No more need for a password to connect to WhatsApp! Instant messaging will make it possible to use access keys (passkeys), a more reliable and simpler technology using biometric authentication.
Internet giants are gradually moving towards a future without passwords. After Google and Windows, it is WhatsApp’s turn to inaugurate connection to its Android application with passkeys – also called access keys –, a convenient and reliable technology that allows you to connect in the blink of an eye, securely, without having to worry about your password, through biometric sensors, a smartphone lock PIN code or electronic physical authentication keys. In addition to the password, passkeys also replace two-factor authentication (2FA), making identification even faster and more efficient when setting up access to WhatsApp on another device . The function has been in the testing phase since this summer, with a public beta launched last August.

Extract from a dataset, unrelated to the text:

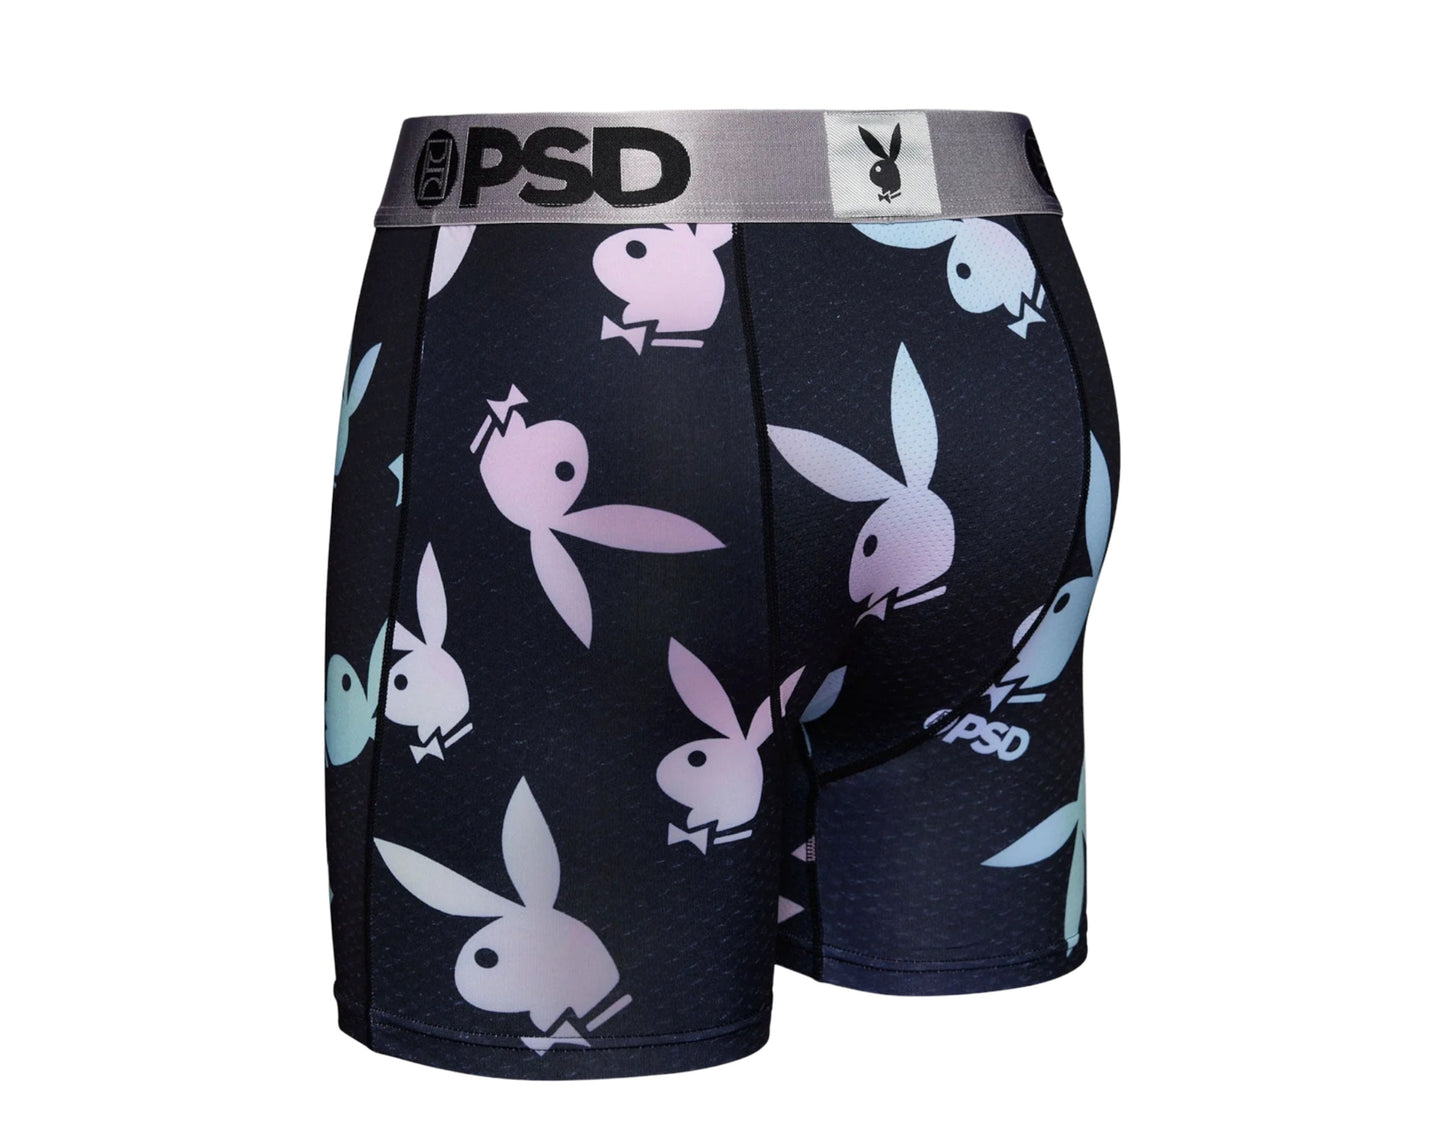 PSD x Playboy - Glow Briefs Men's Underwear

And the tests were obviously conclusive, since Meta messaging announced the deployment of passkeys for all of its users. This is done gradually, so you may have to wait a little before taking advantage of it. Additionally, the feature is only available on the Android version of WhatsApp, not iOS. Users will be prompted to configure their security keys over the coming weeks. Of course, those who wish can keep their usual authentication methods.
Using passkeys, the user sets a device – usually their smartphone – as the primary authentication system on sites and apps. When registering or changing the connection method, the smartphone generates two encrypted keys: a public key transmitted to the service provider, and a private key stored in the phone. This private key allows the website or app to authenticate it by unlocking the device through regular authentication methods, such as PIN, pattern, facial recognition, or fingerprint. To put it simply, instead of entering a password, just use the usual unlocking method on your main device!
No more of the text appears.